In the context of growing global disorder, there is an inevitable convergence of interests between the countries of Eurasia, in particular Russia, which possesses huge sources of energy and raw materials, and the major industrial powers that use them: China and Germany. Thus, the ultimate nightmare of American power tends to come true: “The Eurasian triangle” of Beijing, Moscow, and Berlin.
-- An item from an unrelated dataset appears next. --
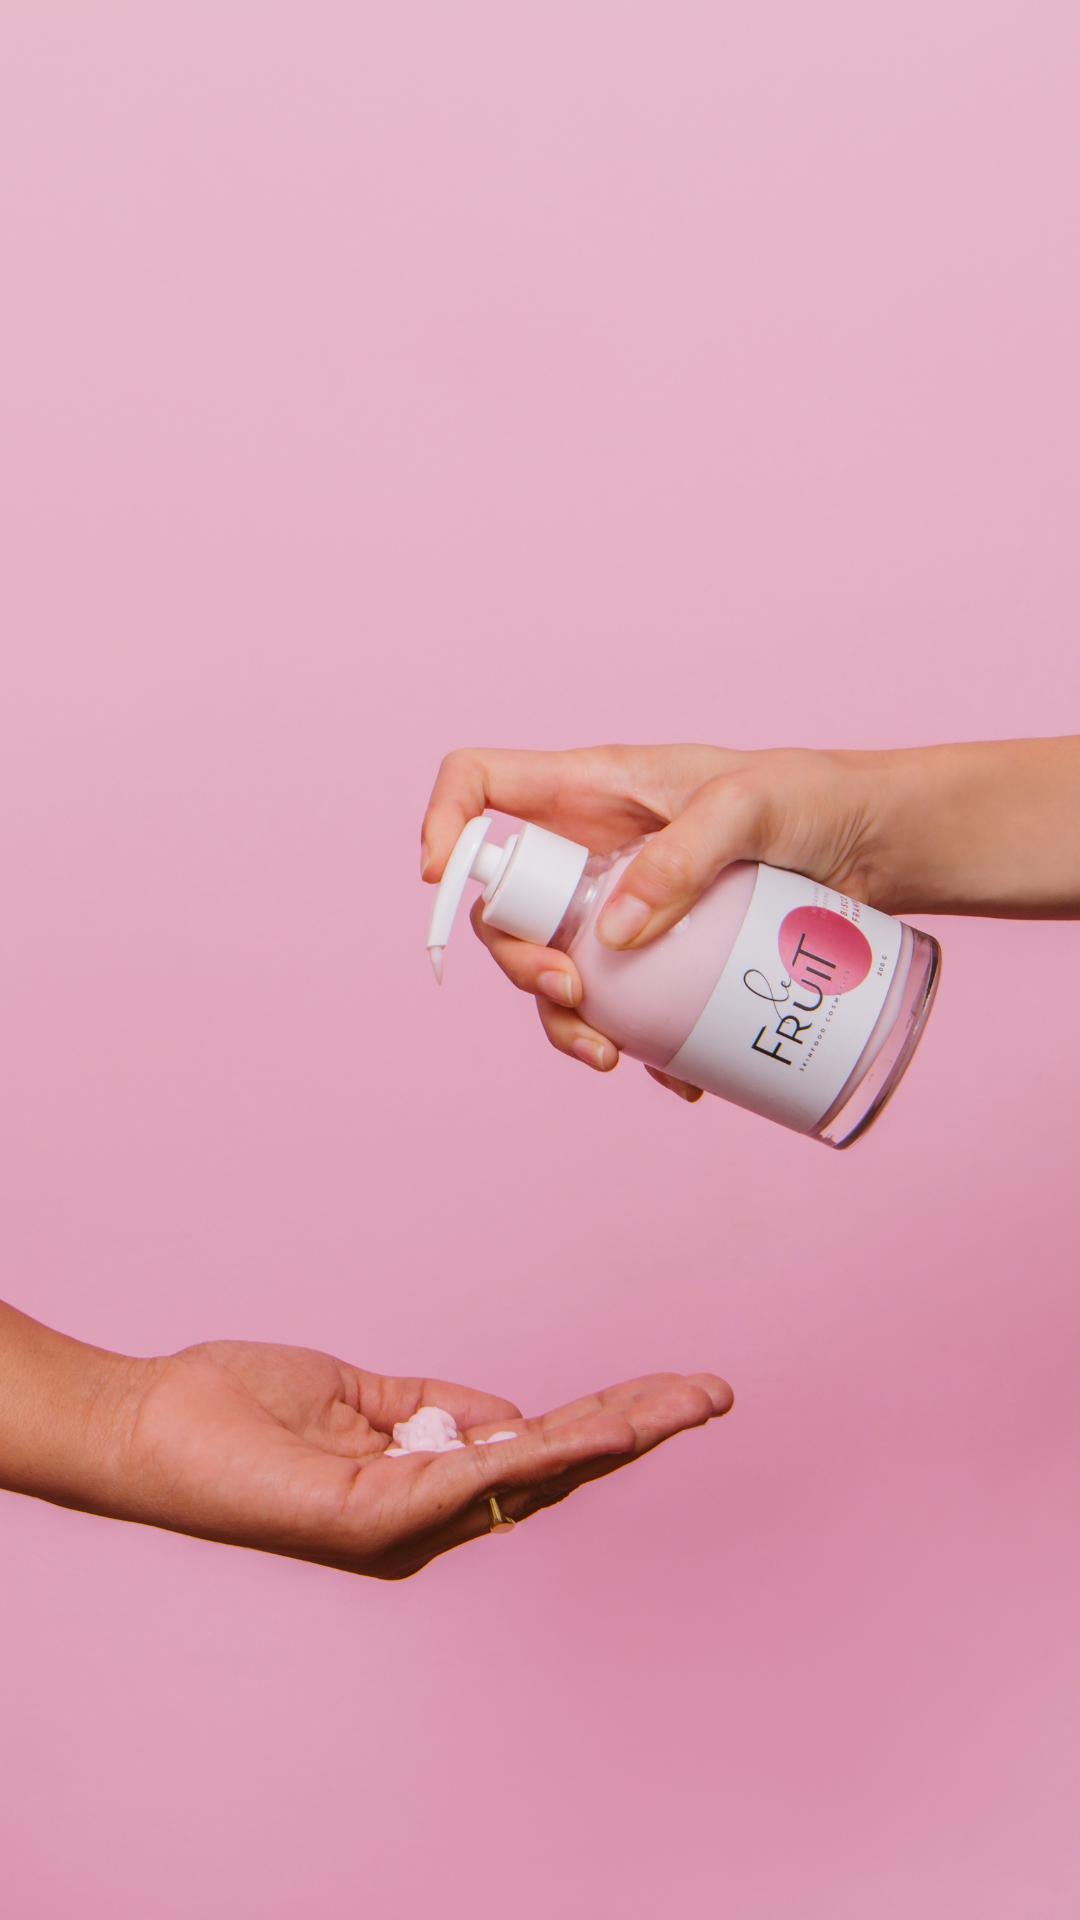 Sobre um fundo rosa, uma mão pressiona uma embalagem de vidro contendo hidratante contra outra mão, que está recebendo o creme.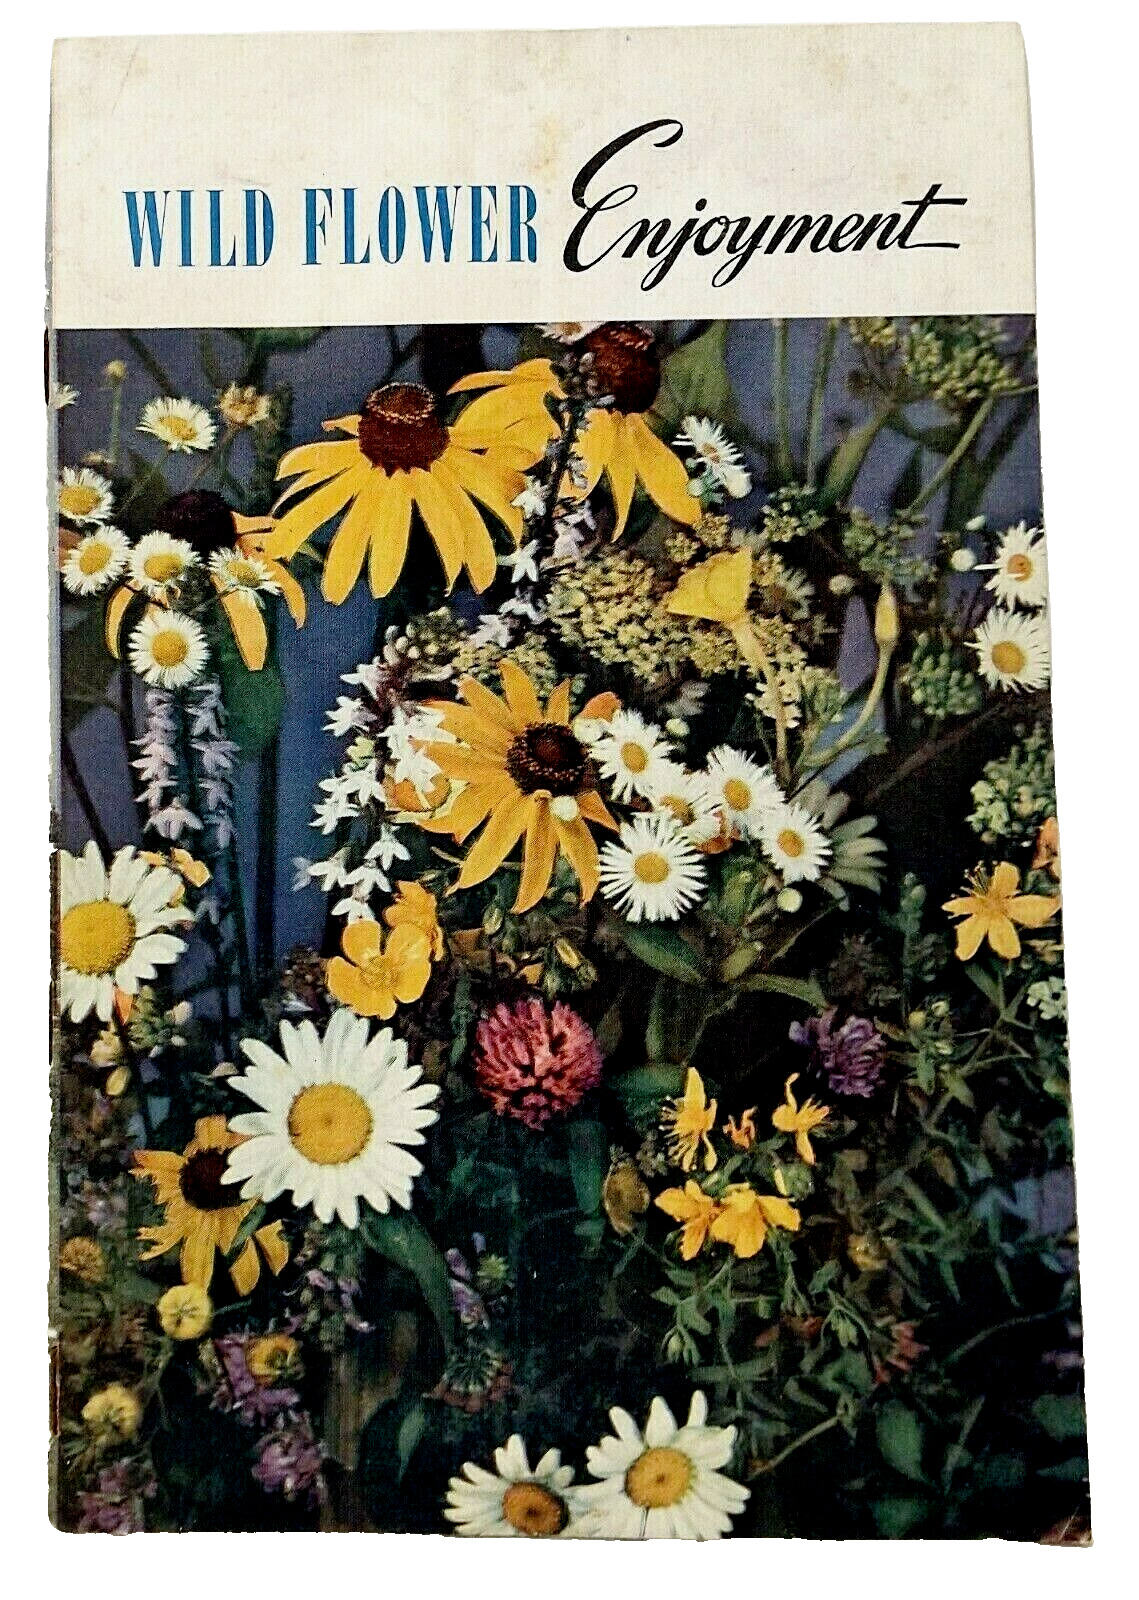 Wild Flower Enjoyment Booklet Salada Tea Company Advertisement 1945

Germany, along with its vast zone of economic influence, including northeastern Italy, has actually entered a deep recession and needs to restore its natural economic model based on importing cheap energy from Russia. Energy supplies were also disrupted by sabotage at the Nord Stream pipeline in the Baltic Sea: “disengagement” caused by military action. Thus began the birth of a “multipolar Eurasian coalition,” initially informal, with the intention of bringing back the greater order that the American hegemon, in decline and in serious internal crisis, is no longer able to provide in the conditions of growing chaos. A new concept of world order based on multipolarity is developing, which has already manifested itself with the expansion of BRICS. The common Eurasian intention to resume the normal circulation of goods, including Russian and Chinese goods, after a long period of sanctions and blockades that have caused a serious economic crisis in Europe, takes the form of a trade convoy, highly symbolic and accompanied by the military, bound for the strategic port of Trieste, the natural “gateway” to Central-Eastern Europe and the only one in Europe with the legal status of an International Free Port and therefore open to all countries, including those under the sanctions imposed by either side.

The convoy is seen by the United States and its satellites as a provocative violation of unilateral Western sanctions elevated to “erga omnes” (concerning all) international laws, even though the new German government has endorsed the initiative. A subsequent attempt to block it due to a crash escalates into a naval collision that reveals the US’s severe tardiness with hypersonic weapons technology.

The city of Trieste was also involved in espionage and sabotage activities, as already in the 1950s, and in a “hybrid” terrorist attack that caused numerous civilian casualties. Which soon after is juxtaposed with worsening events around Taiwan after other predictable accidents involving autonomous weapons equipped with artificial intelligence during increasingly frequent military exercises in the strait separating it from China. The evolution of a geopolitical and military scenario, enriched by numerous historical and cultural references little known to the Italian public, is intertwined with the personal stories of a small group of young people between fear, love, and hope. And with the desire for peace, neutrality, free trade, and civil coexistence of a population engaged in spite of itself. However, the young people’s hopes are countered by the ominous specters of the outbreak of previous world wars, which are present in the collective consciousness of this region of the world and which they experienced first-hand there generations earlier.